You can follow the same stages (4 to 7) to add other clocks on different pages. When you are finished, tap the 'Edit On' icon to turn the editing option Off. Then you can place the tablet onto the frame, put the lid on and sit back and admire your new ChronoGlass. Simply swipe the screen left or right to change the clock styles if you have more than one.
Top Tip:
Tablets generally have a screen 'Time Out' which can be set anywhere from a few seconds up to 30 minutes or so, obviously not great for an 'Always On' clock.
To get around this we will need to get into the tablets 'Developer Options'. To do this, open the tablets 'Settings' app, and search for the tablets 'Build Number' usually found under 'About Tablet' or similar. Tap the build number seven times or so, return to the previous screen and you should now see the new 'Developer Options' tab. Tap on this and look for 'Stay Awake' and toggle it to 'On'. This will now keep the screen on while it is plugged into a power source until you manually turn it off by putting the tablet to sleep or powering it off.
Conclusion:





With Total Launcher, you can add a digital clock format as well as or instead of the analogue one...
- Click on the top right Plus icon (+) > 'Graphic' > 'Text' > 'Default' > 'the Cog icon' > 'Text' > 'Date/Time'. The text field will now automatically be filled with a default date format which should look like this... MMMM d,yyyy. Tap on the text field, delete the text and type in HH:mm for a 24 hour digital clock, or hh:mm for a 12 hour format then tap 'OK'. Choose your typeface, text colour, text size etc. then tap the back button twice to save and exit the editor. You can also add a duplicate time text and add the date as well. You can also download new text typeface/fonts from reputable online websites and use them in TL as well to customise your clocks even further.
In regards to the Instructables robot clock, this used three layers assembled in this order... adding the clock face first, then adding the clock hands widget, and finally a transparent background GIF of our friendly robot moving back and forwards. The reason I did it this way was to not have the clock hands fully covering the robot as I didn't like the way it looked, but having the hands behind the robot with the ends of the clock hands resized so the ends were visible looked much better and yet still practical.
For some reason, I had issues making a GIF with a transparent background using Adobe Express, so here's how I got around it.

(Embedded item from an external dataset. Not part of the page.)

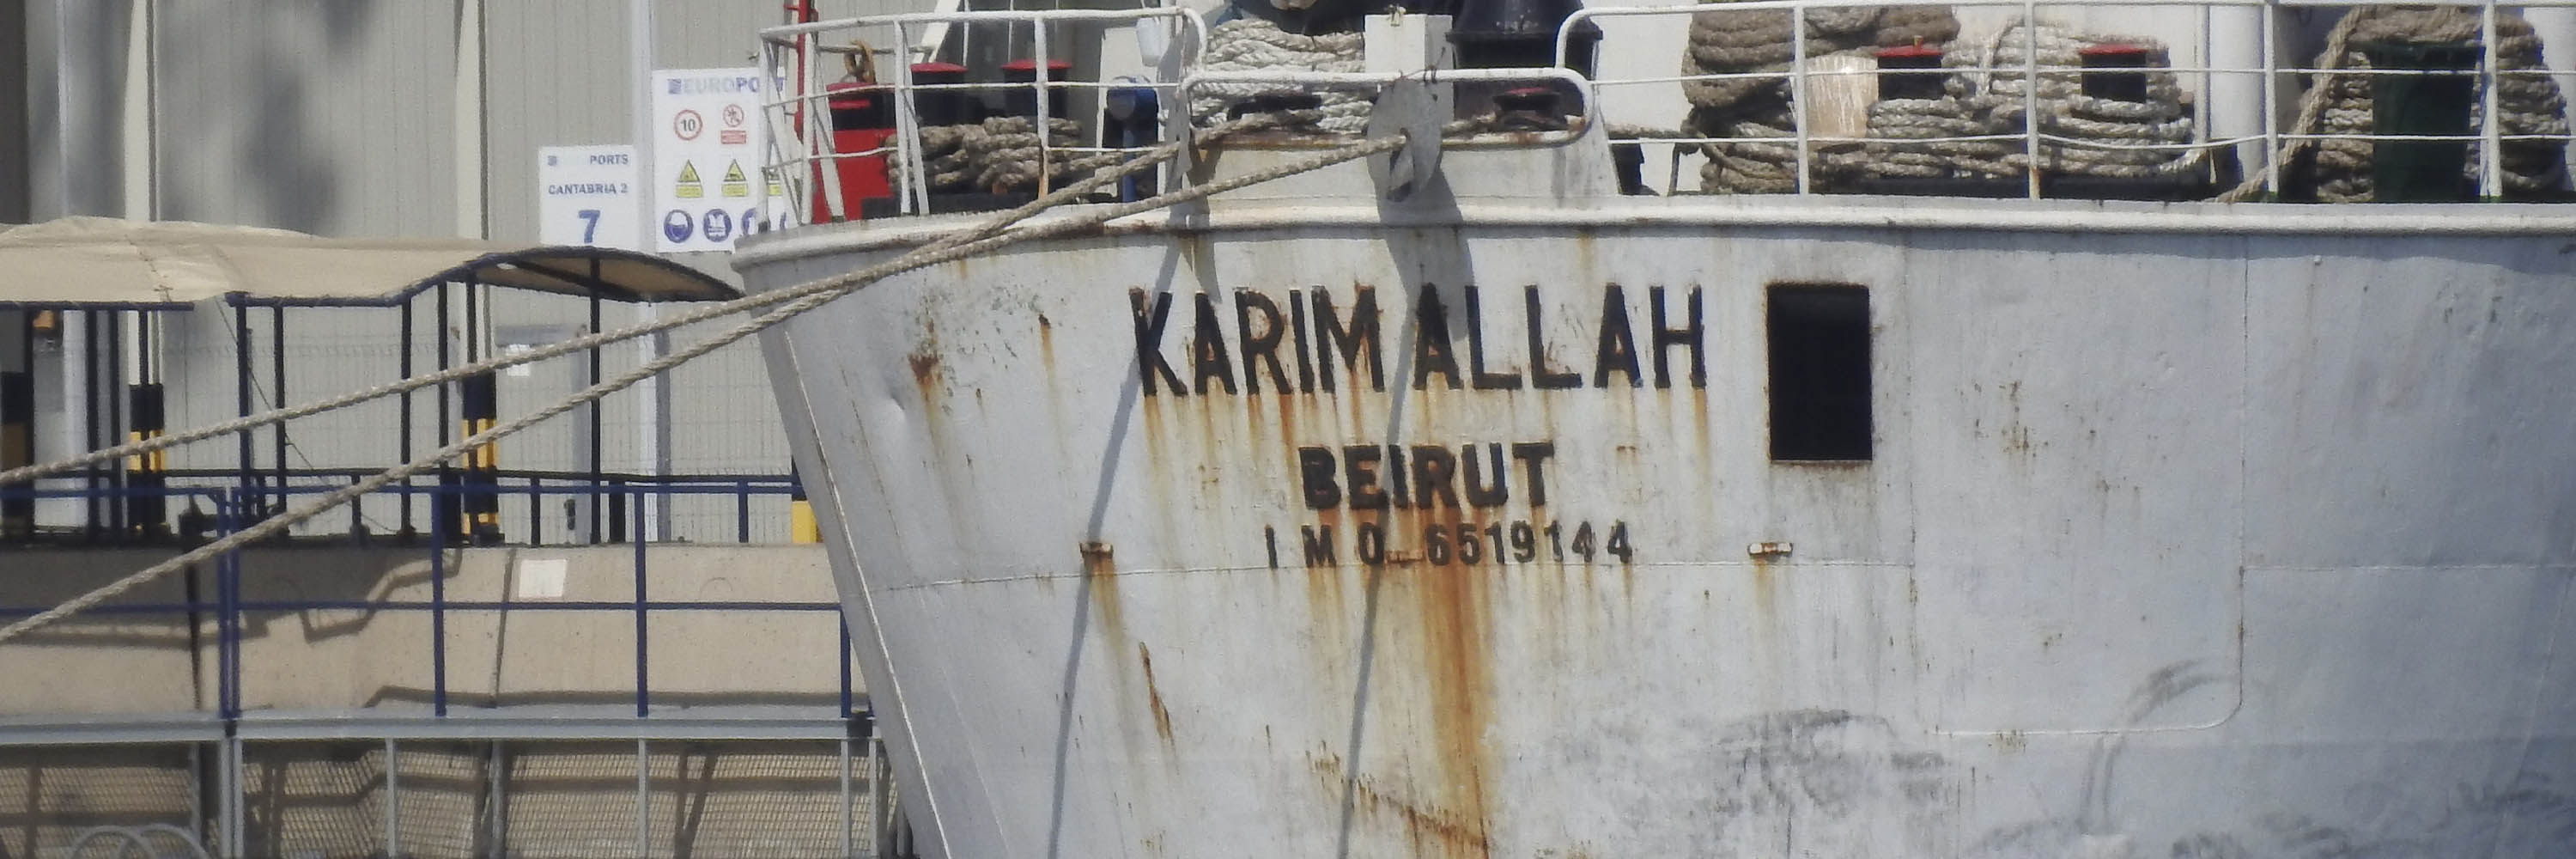 Karim Allah nave

- In Adobe, instead of saving the animation as a GIF, I saved it as an MP4 video then used another free website tool, EZGif, converted the MP4 into a GIF then used their background removal tool to set the background to transparent... problem solved.

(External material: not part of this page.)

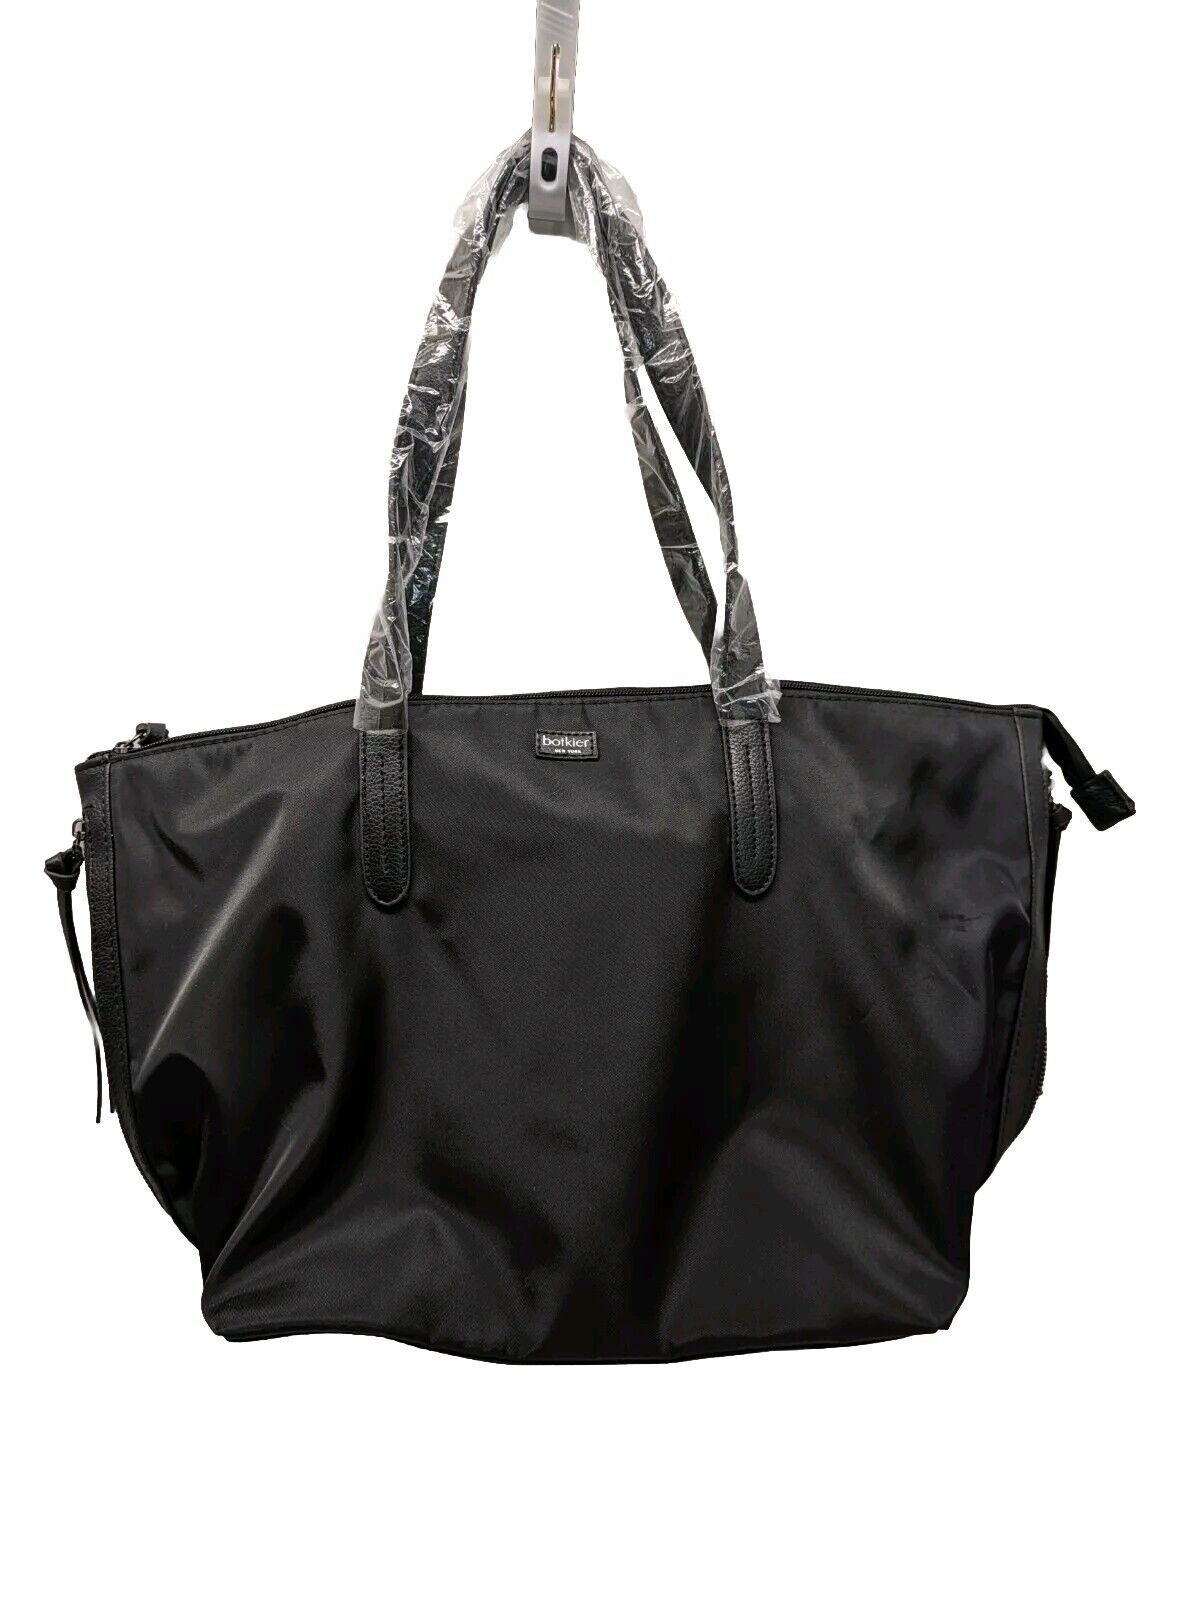 Botkier New York Black Nylon Bond Tote Bag Decorative Side Zippers Zip Close

And that brings us to the end of this project. The clock face GIFs I made and attached to Step 5 were my first passes at making clock faces for the ChronoGlass and at time of writing this, I am working on more detailed ones more suited for its new owner. Please feel free to download and use them if you like them, and if you have any questions in regards to making your own, or for any other project related questions, please leave them in comments and I will try to answer where I can. I hope that you enjoyed this project and please let me know if you make your own ChronoGlass.
Thanks for reading, and happy making.